Today, September 2, 2017, is Aldir Blanc‘s 71st birthday, and for the occasion I decided to translate this beautiful song he composed with Jayme Vignoli and released on Vida Noturna (2005). “Lupicínica” serves as yet another testament to Aldir’s exquisite talent for perfectly portraying the grace and grit of life in Rio in his lyrics. In “Lupicínica,” he characteristically weaves together elements of high culture (Tolstoy in this case) and vignettes that depict crude minutia of a working-class existence in Rio’s north zone and exalt its obscure protagonists.
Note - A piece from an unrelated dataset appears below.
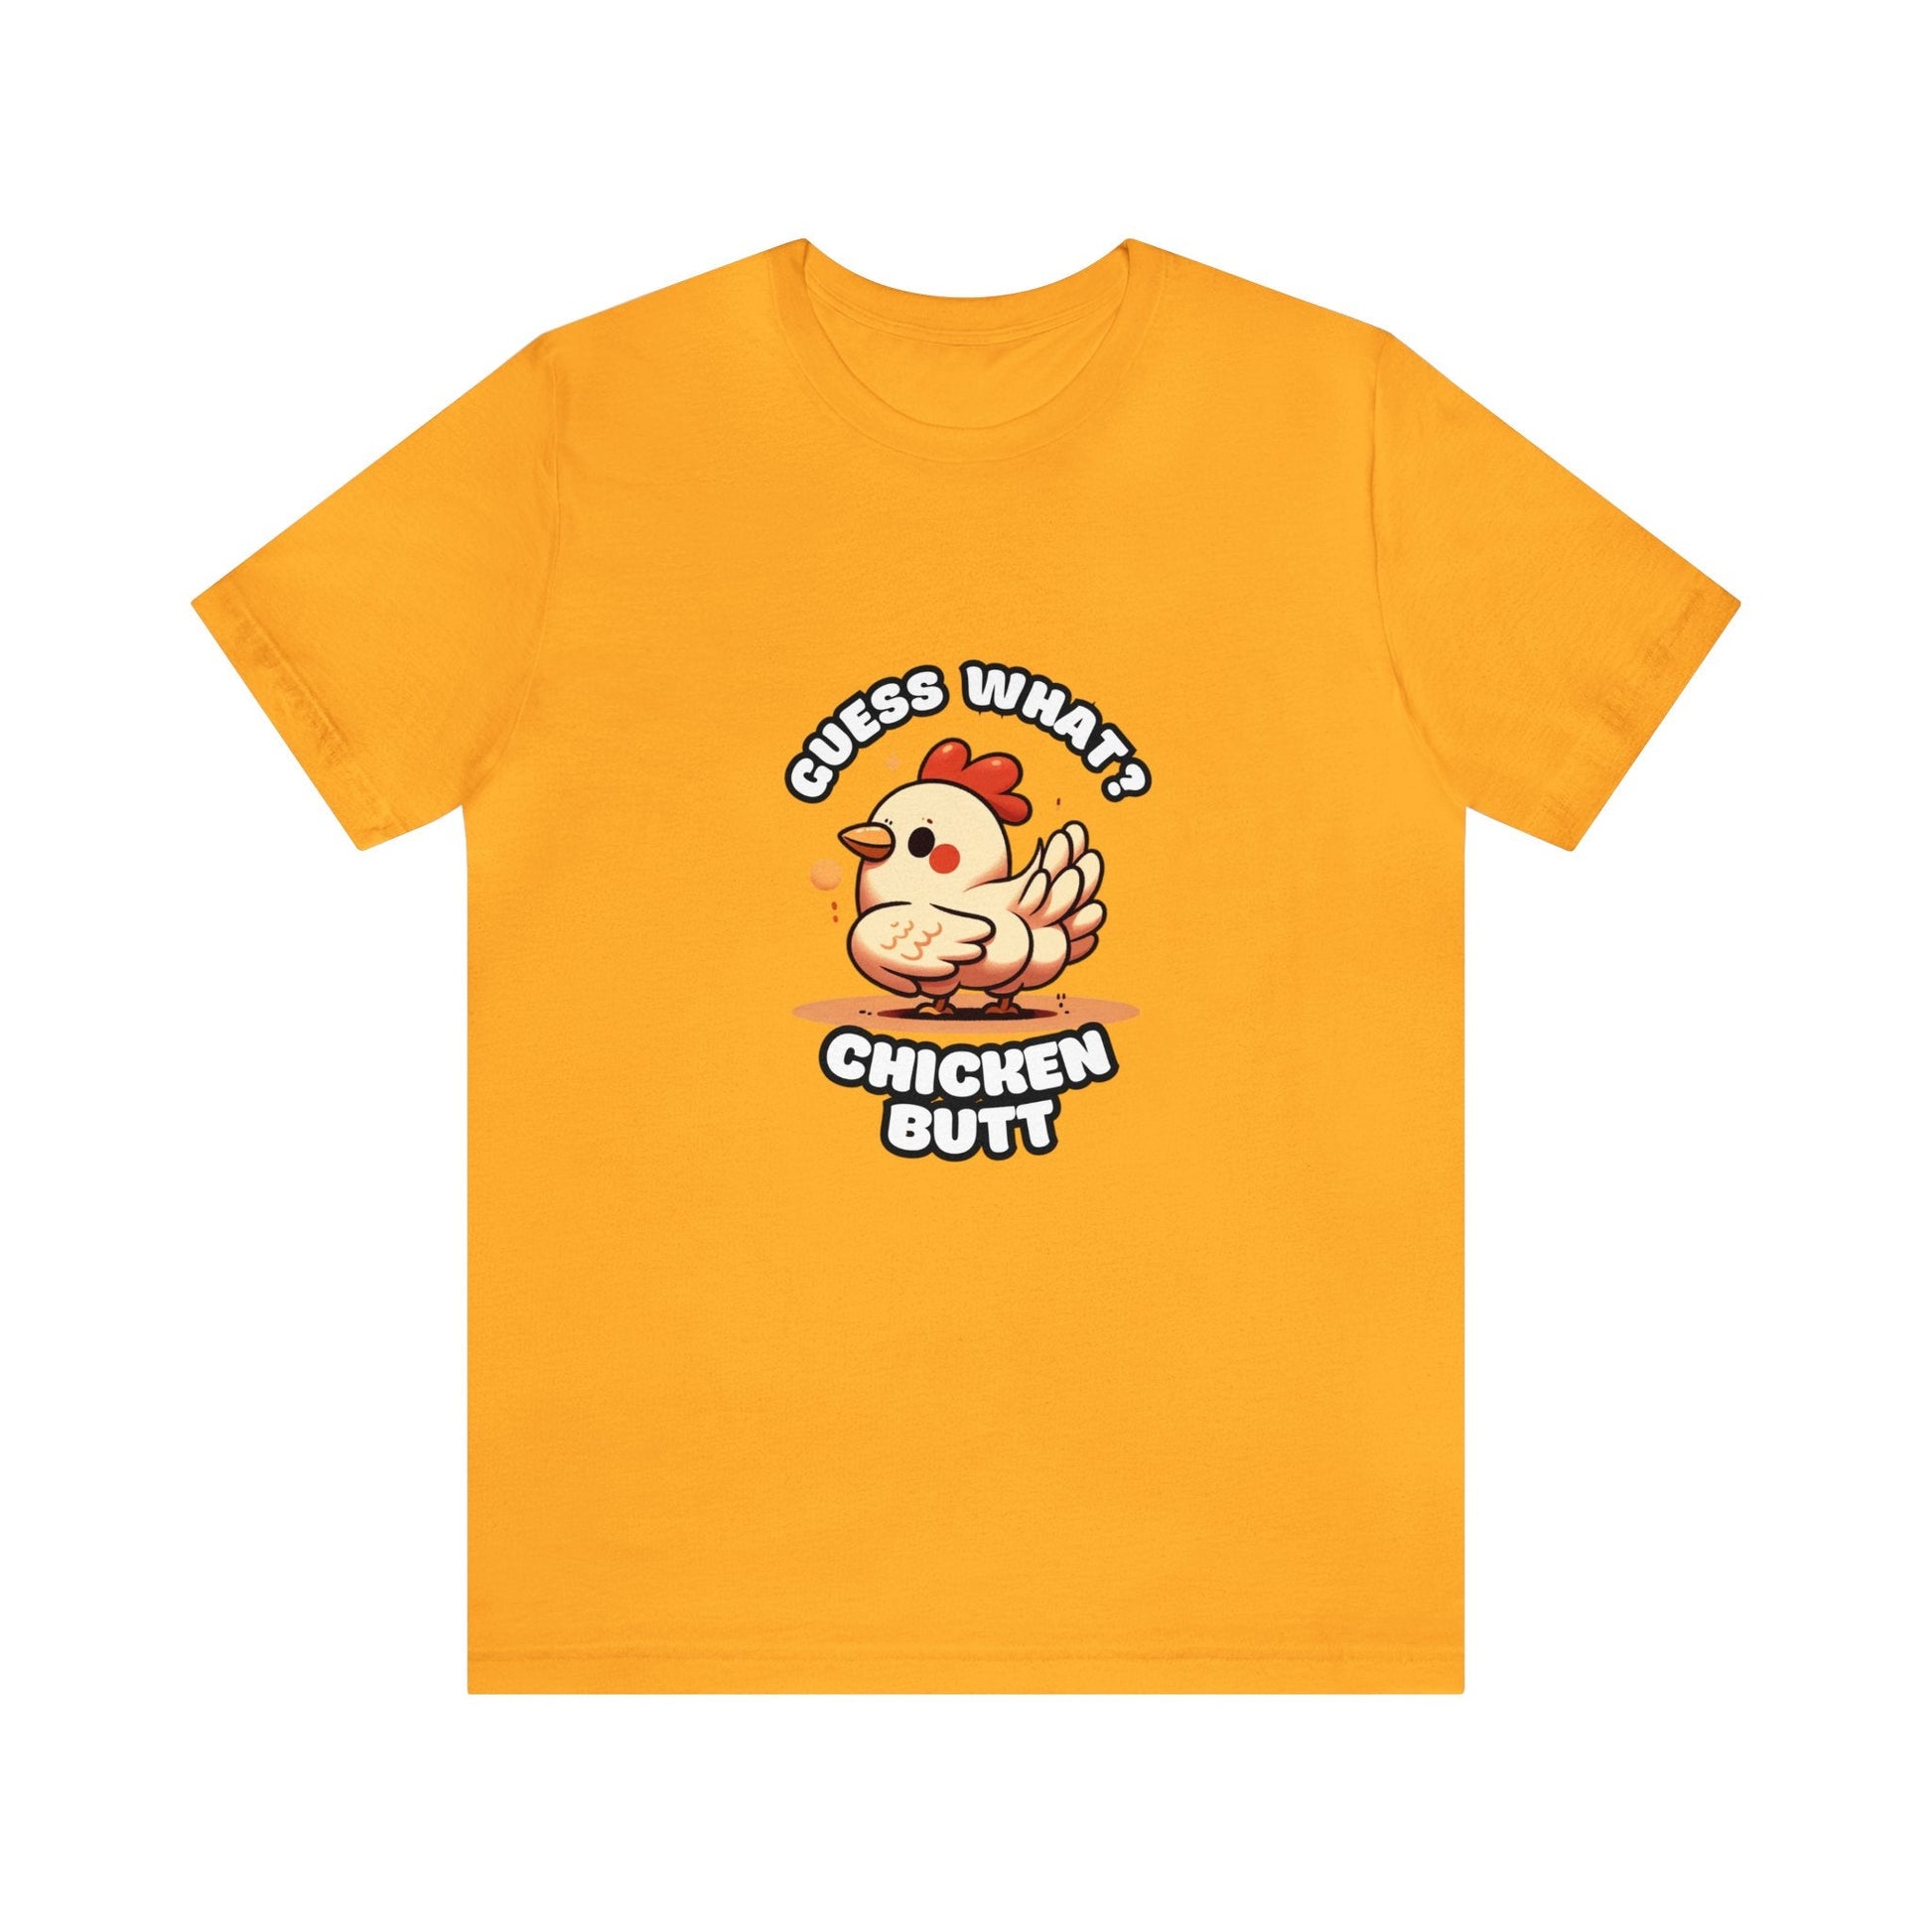 Guess What? Chicken Butt - Chicken T-shirt Yellow / XS

There’s plenty on Aldir’s poetic style in previous posts on Aldir, though, so here I’ll just explain a little about this song. Salgado Filho, as you can guess, is a hospital in Méier, a middle/lower-middle-class suburb of Rio de Janeiro; the neighborhood Água Santa is poorer and farther out. Dois de Dezembro is a road in Rio’s more upscale Flamengo neighborhood, and with “Rua do Tijolo” Aldir could be referring to the street by this name in the suburb of Piedade, or to the street where a big condominium complex – Tijolinho – is located in Vila Isabel.  The tale of passion, scorn and death in this song recalls themes common to Lupicínio Rodrigues’s songs; I’m guessing that may be the inspiration for the name.

Jayme Vignoli, who composed the music, is a cavaquinho player, composer and arranger from Rio de Janeiro, a professor at Rio’s Escola Portátil de Música and cavaquinista with several choro groups including Água de Moringa.